▶ [WORK INSTRUCTION]:
The output should contain the listing word for word and no pictures.
++++ GIVEN DATA ++++
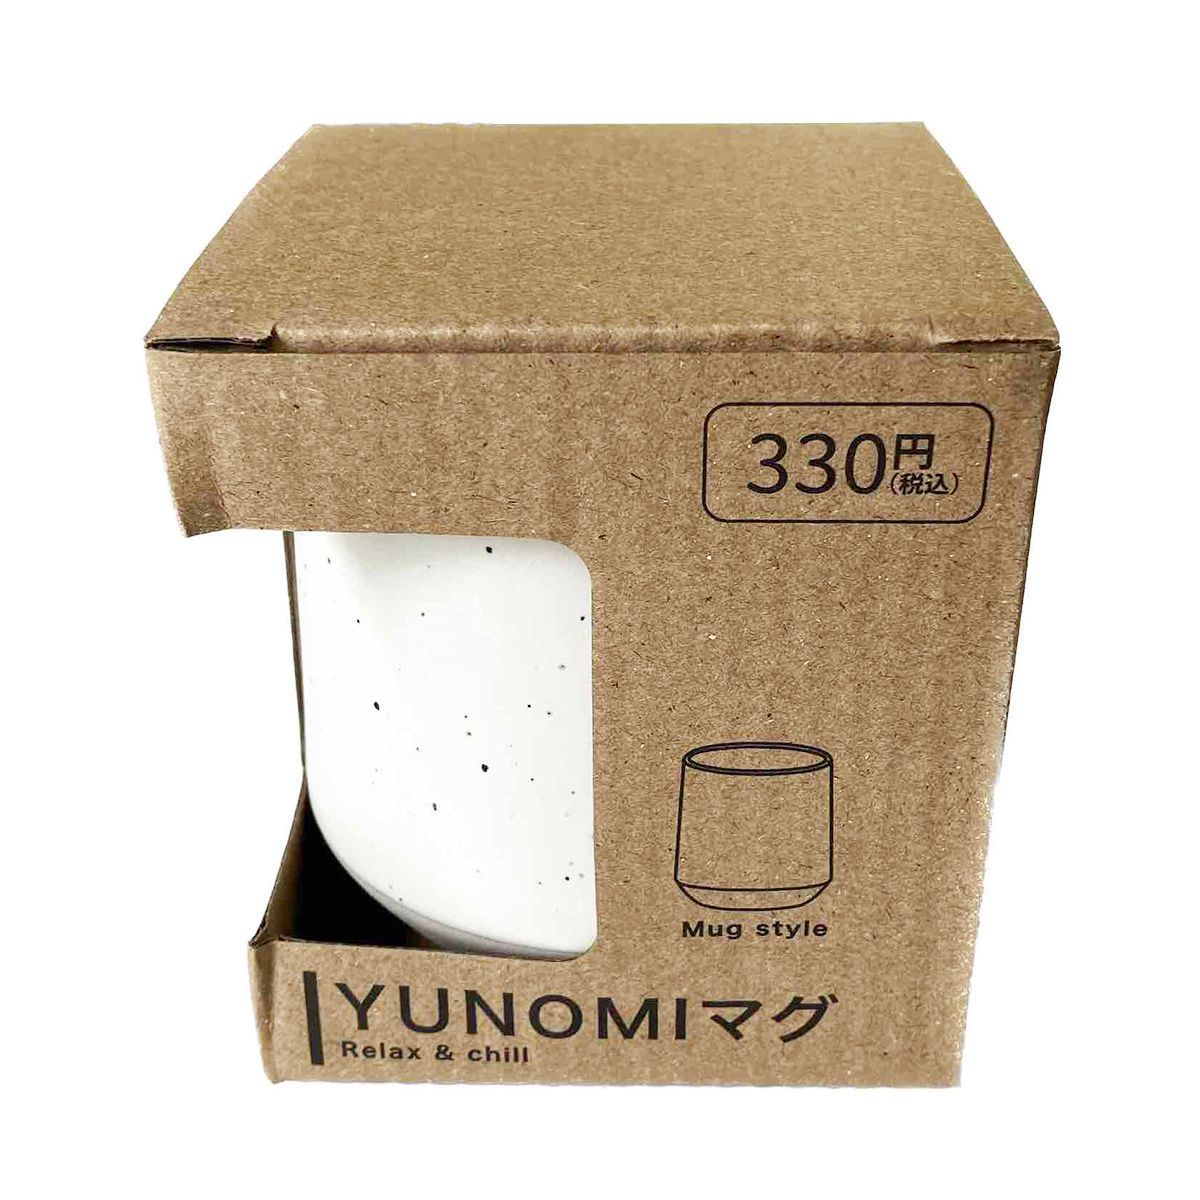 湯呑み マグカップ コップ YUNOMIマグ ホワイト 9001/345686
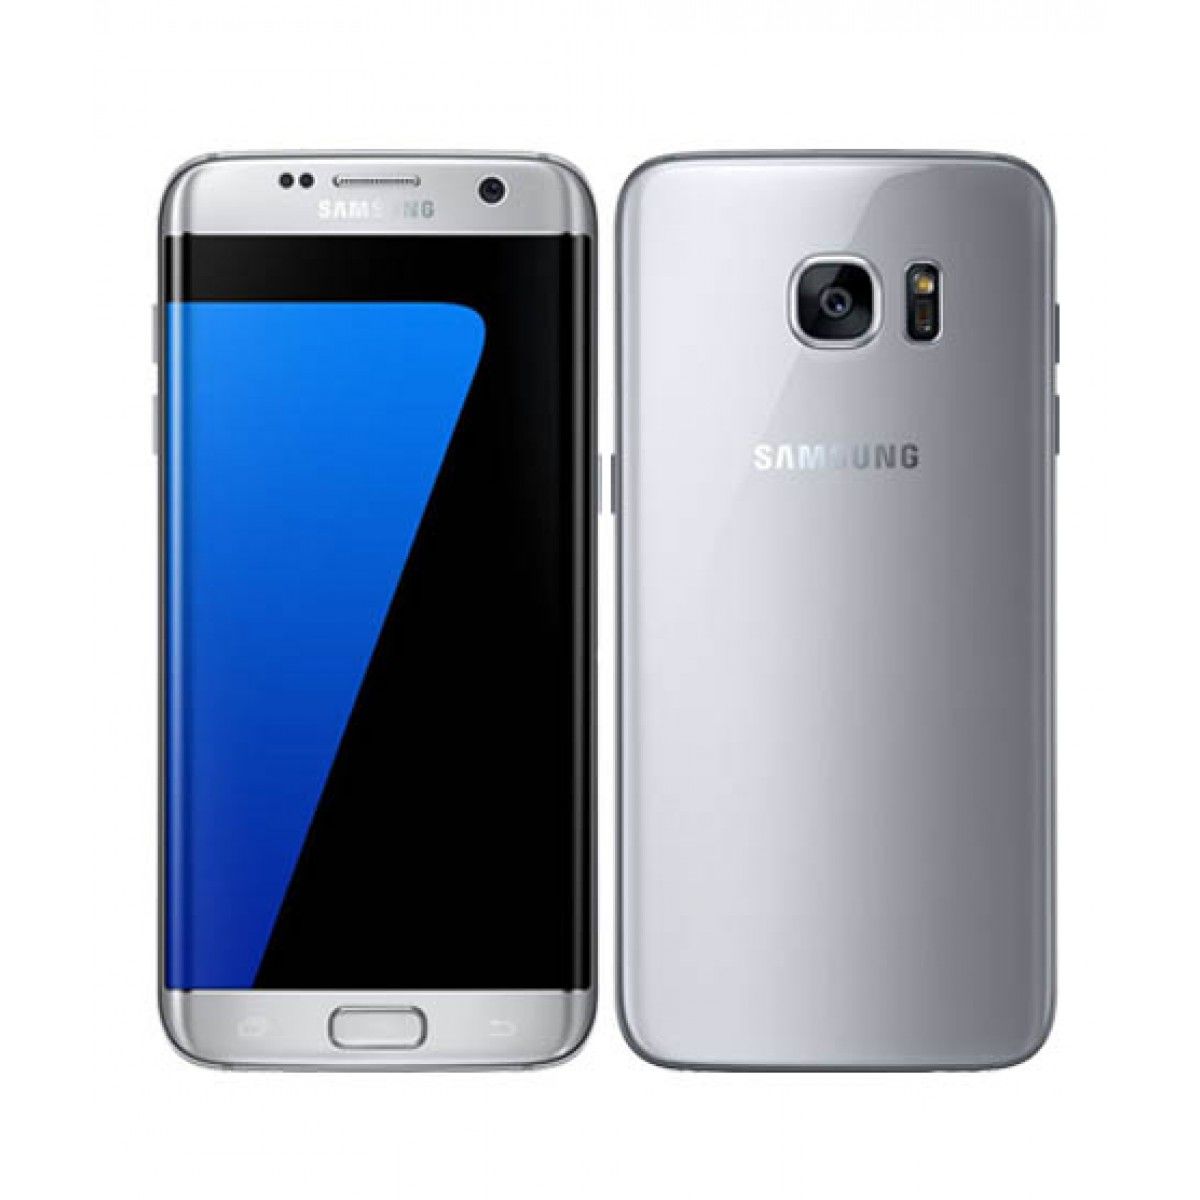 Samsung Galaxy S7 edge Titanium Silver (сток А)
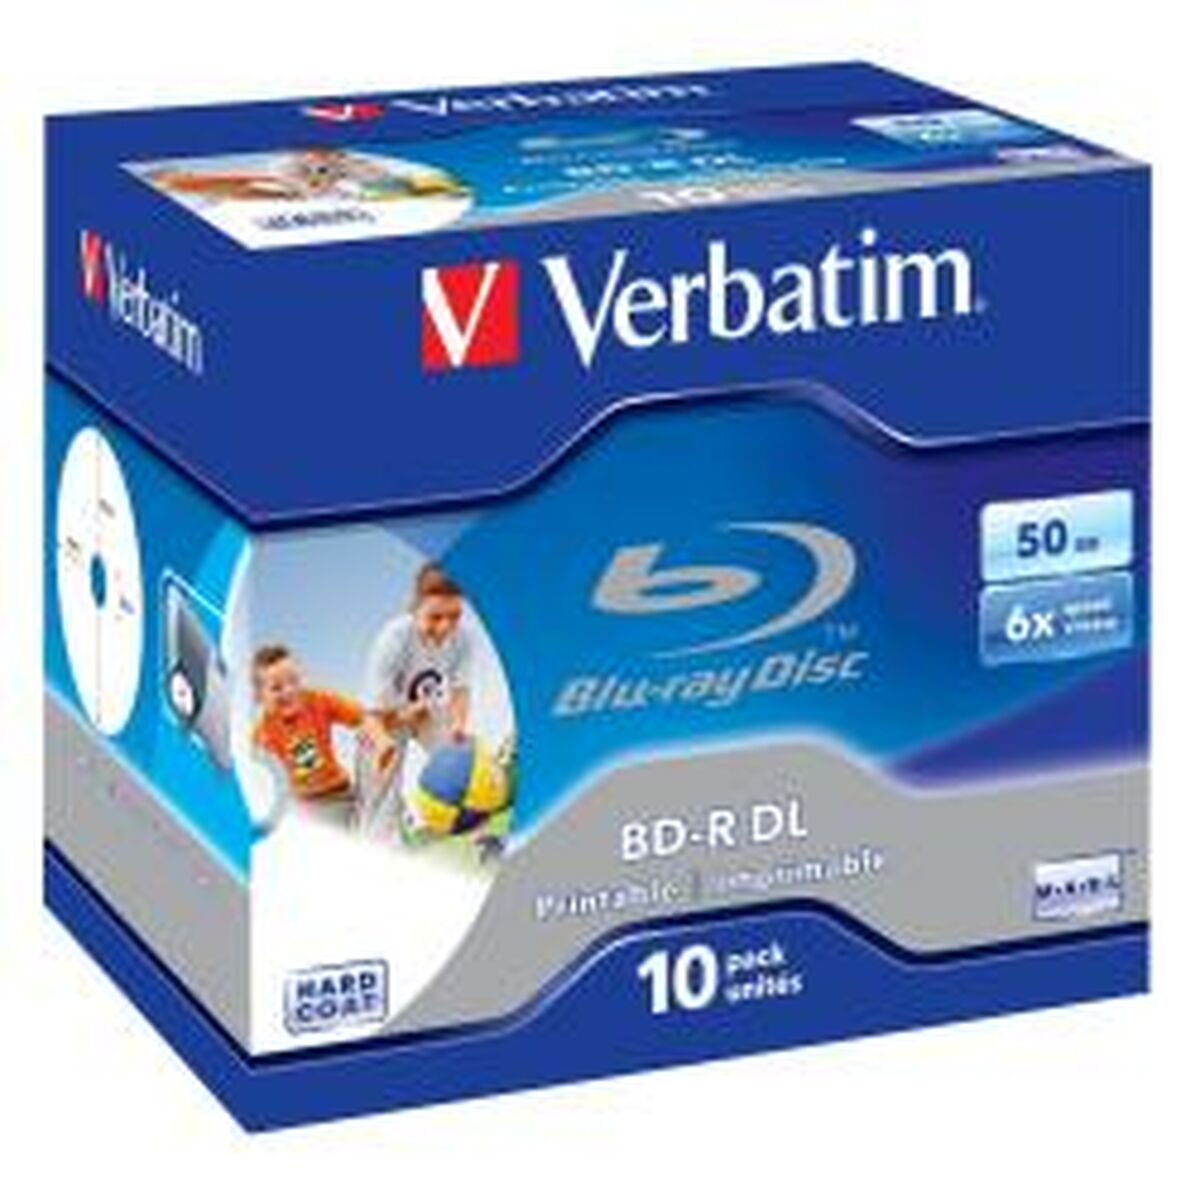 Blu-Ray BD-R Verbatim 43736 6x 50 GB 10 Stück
++++
▶ [ANSWER BELOW]:
 湯呑み マグカップ コップ YUNOMIマグ ホワイト 9001/345686
 Samsung Galaxy S7 edge Titanium Silver (сток А)
 Blu-Ray BD-R Verbatim 43736 6x 50 GB 10 Stück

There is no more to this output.